Outros caminhos profissionais e entrada na Unisinos – Em 2005, começo a trabalhar na Secretaria de Cultura de São Leopoldo, que viria a ser a minha ponte com a Unisinos, pela proximidade geográfica. O Fabrício Carpinejar me convidou para ser o seu secretário adjunto. Ele seria o secretário de cultura, mas neste ínterim desistiu e aí eu me construí como alguém disponível para trabalhar na Secretaria de Cultura. Estava iniciando a Secretaria, e de certo modo não deixei de ser um fundador da Secretaria de Cultura de São Leopoldo. Fiquei ali por um ano e meio e, no decorrer de 2006, o Fabrício me convidou para conhecer a unidade acadêmica de graduação da Unisinos. O Gustavo Borba atuava com os novos projetos e a ideia que o Fabrício tinha era que eu constituísse um curso de música diferente. Nessa história com a Unisinos sempre tive uma relação muito boa, muito intensa. É um namoro que está durando muito, no sentido de surpreender minhas expectativas e da própria Universidade, com um nível de satisfação também pelo que tanto eu quanto o professor Sefrin estamos atingindo. Fiz um rascunho singelo do que poderia ser um curso de música diferente dos cursos tradicionais de música erudita, de licenciatura, composição e regência. Pensei em um curso diferente, agregando saberes na área do Direito, de software de áudio, da história da música popular. Fomos construindo um nível de sensibilidade e atenção tão interessante que o curso de Formação de Produtores e Músicos de Rock foi ofertado no final de 2006 e a primeira turma já entrou no início de 2007. Já formamos cinco turmas, e na medida em que o curso foi sendo organizado e tendo a previsão de lançamento de coletânea de trabalho autoral, bem como de projeto-festival, também lançamos cinco coletâneas de trabalhos autorais dos alunos e fizemos cinco festivais fora do câmpus Unisinos, em Porto Alegre. Ano passado, entrei em uma especialização em docência no ensino superior, aqui na Unisinos, curso que foi formatado com muito zelo, com um corpo docente excelente. Passei pela seleção do mestrado do PPG em Comunicação aqui da Unisinos. E agora estou muito feliz, independentemente da correria, de manter a coordenação do curso com o professor Sefrin, com a docência, com o fato de estar estudando. Esta tem sido minha realidade.

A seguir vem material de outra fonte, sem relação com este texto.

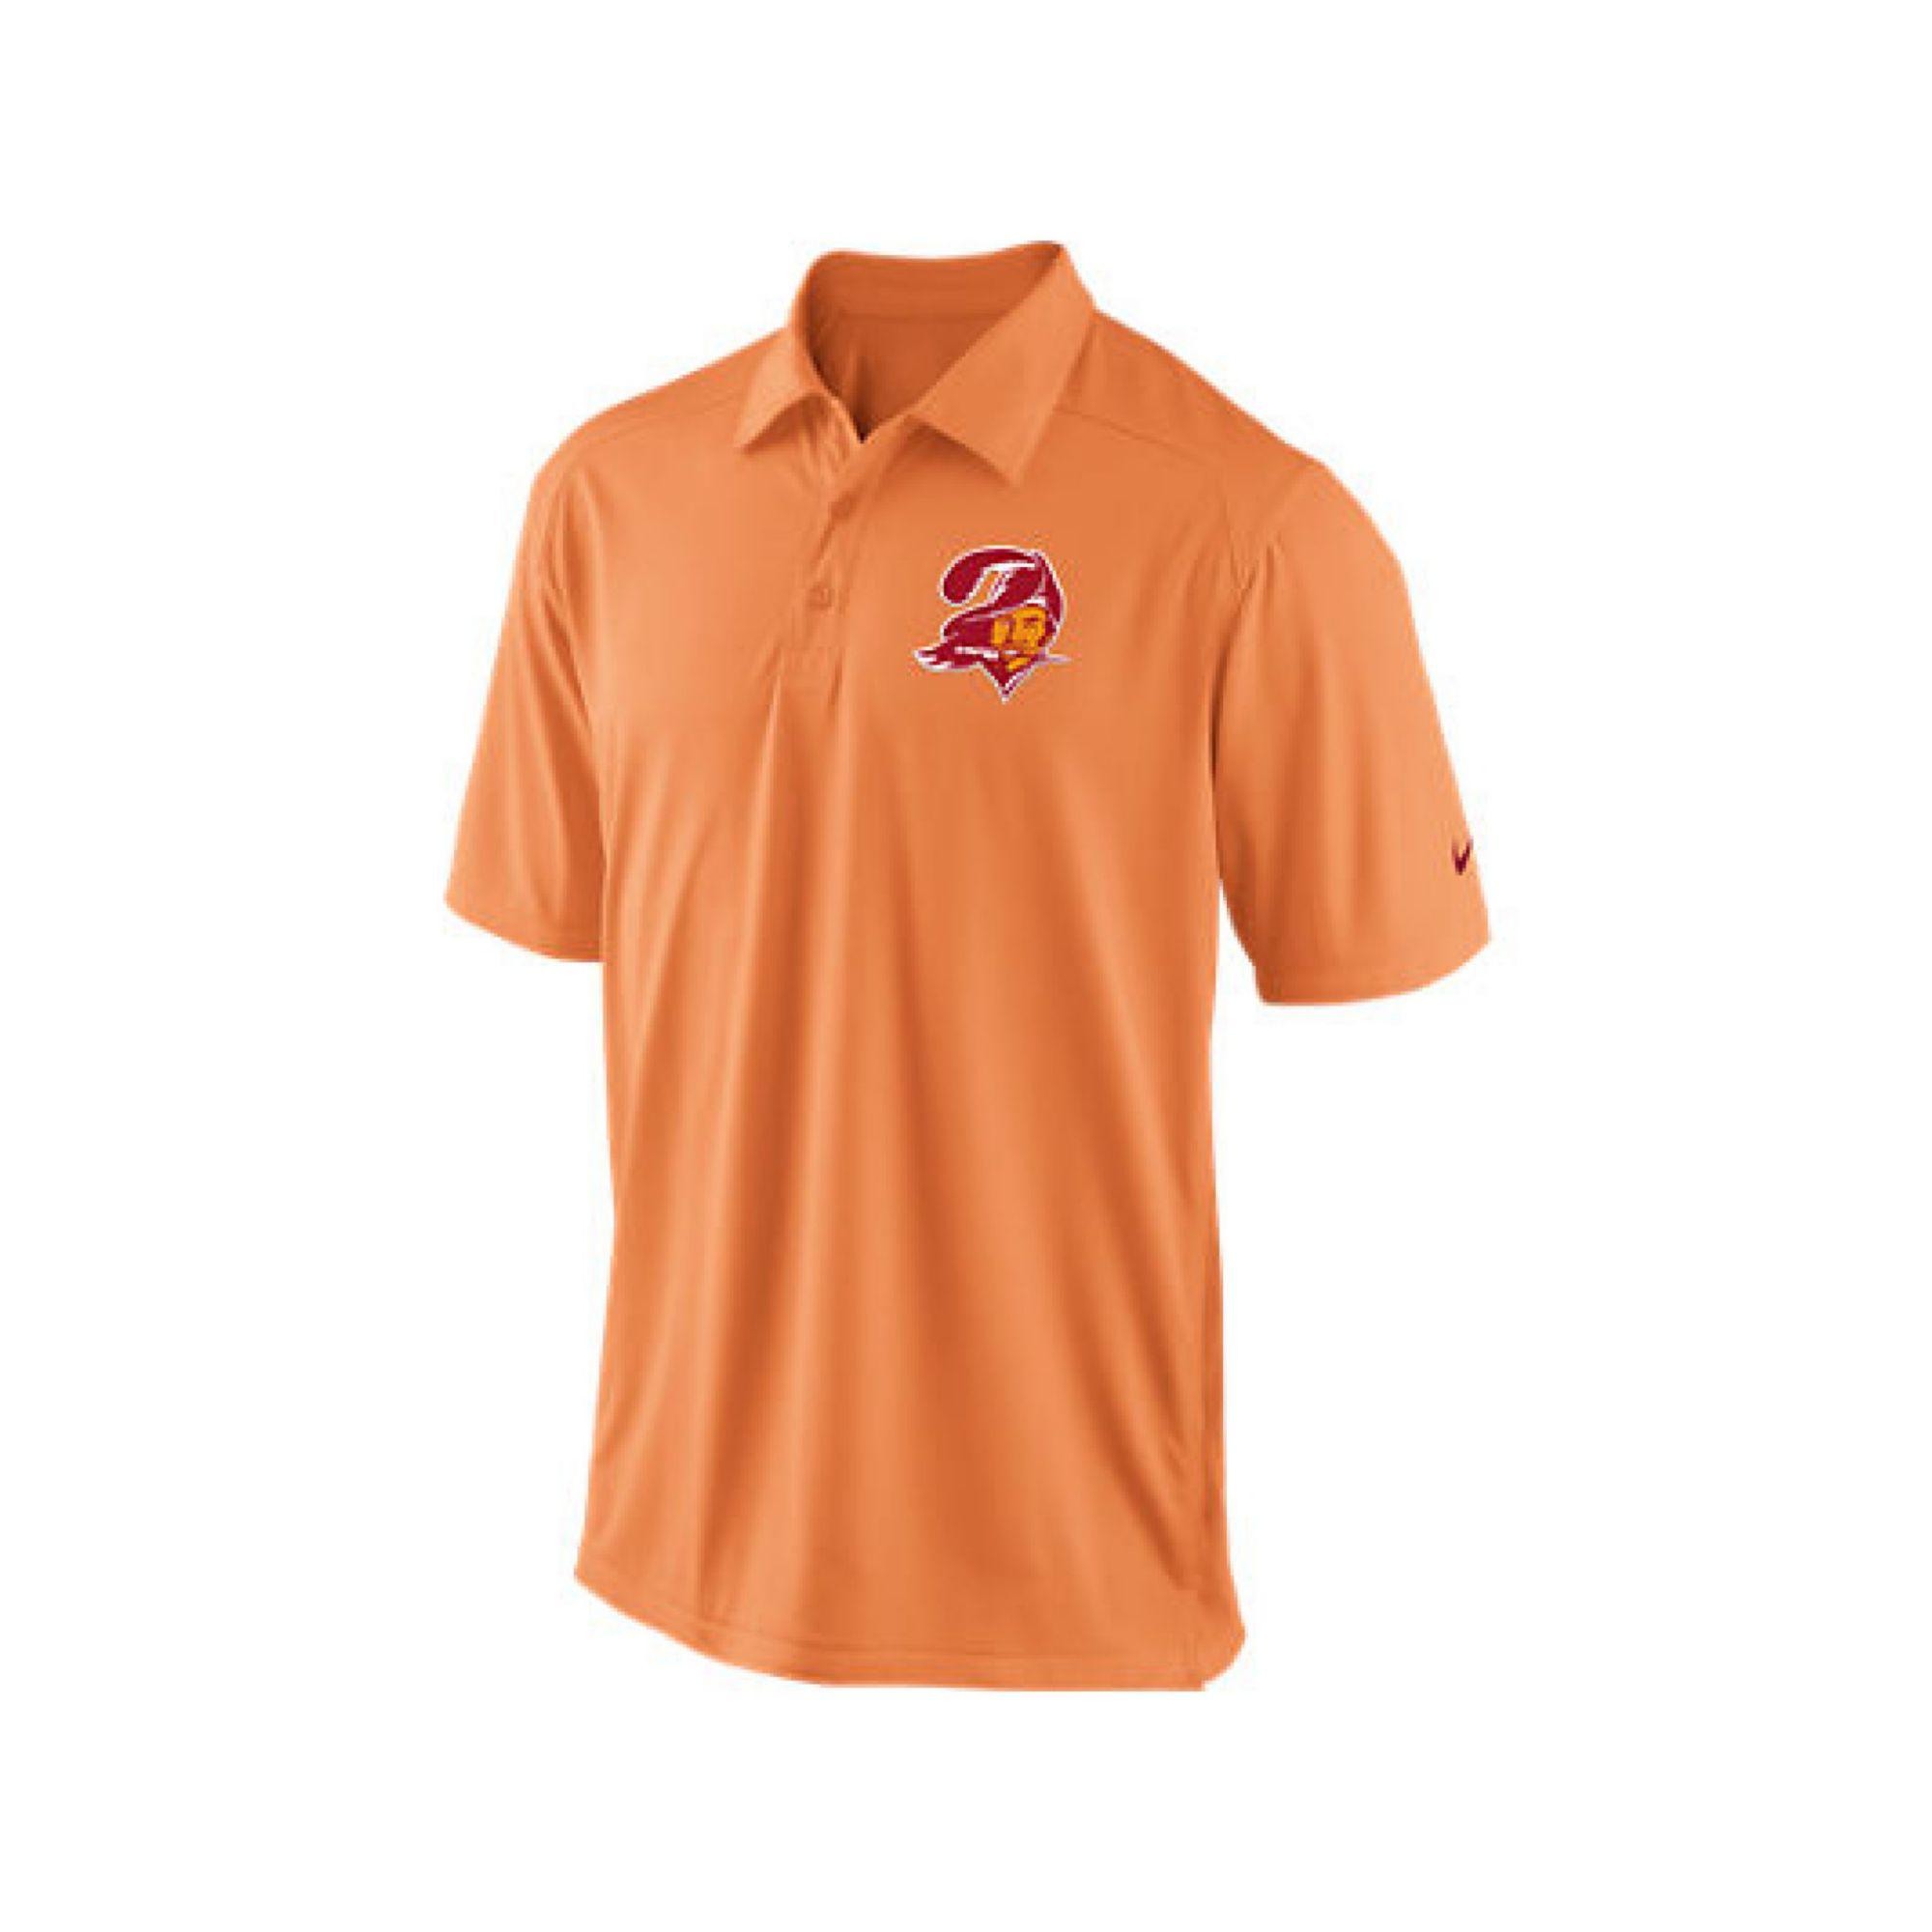 Nike mens tampa bay buccaneers football coaches polo shirt for South bay t shirt printing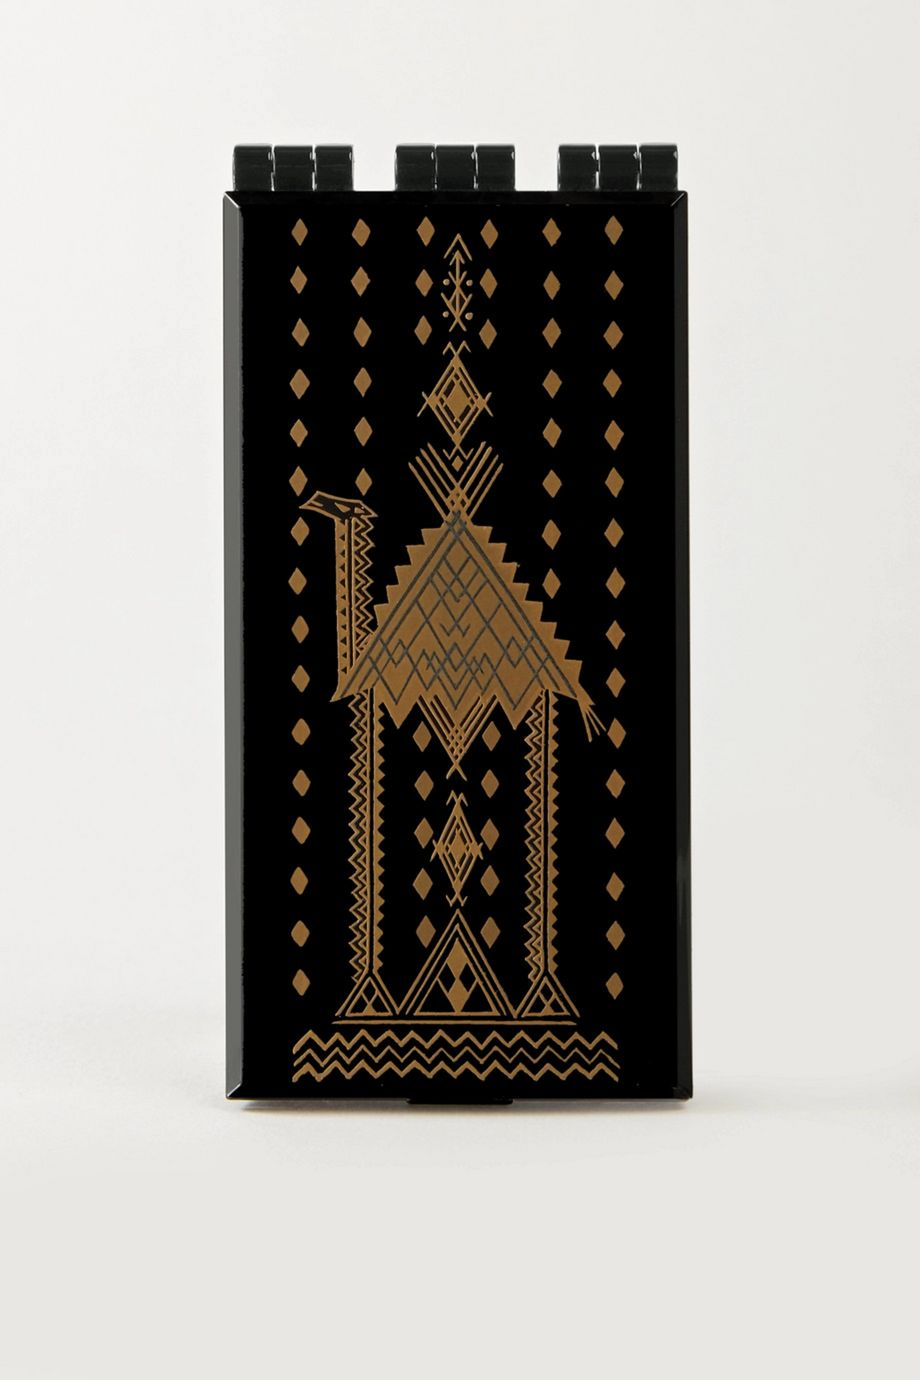 Serge Lutens Lacquered Powder Case – Black/Gold – Puderdose

Rádio – Agora recebi um convite da rádio Ipanema para produzir e apresentar um programa, que vai se chamar “Crocâncias diversas”. É uma expressão que gosto muito de utilizar. Independentemente dos desafios e dos (dis)sabores, a gente não pode perder uma certa alegria, um humor, uma visão mais crocante das coisas. Muito mais do que cumprir com assiduidade, com profissionalismo. Sim, isso tudo é importante, mas tem que enxergar a graça das coisas.

Unisinos – O bacana de entender uma universidade jesuíta e ler alguma coisa da história da Companhia de Jesus, da pedagogia inaciana, é que você vai percebendo a construção de saberes e competências como um ideal muito bacana, muito singelo. Minha vida inteira teve muito desta perspectiva de não se enxergar acovardado, sem capacidade de trabalhar os desafios. E é o que a gente faz no dia a dia: pensar em uma integração para que o aluno consiga ter um bom domínio dos conteúdos que vão fazer diferença no mercado, e que vá fazer diferença na vida dele, na convivência e experiência que os professores conseguem transmitir e construir. Vejo isso de uma maneira muito bonita e me sinto muito identificado com estes preceitos, que são caros.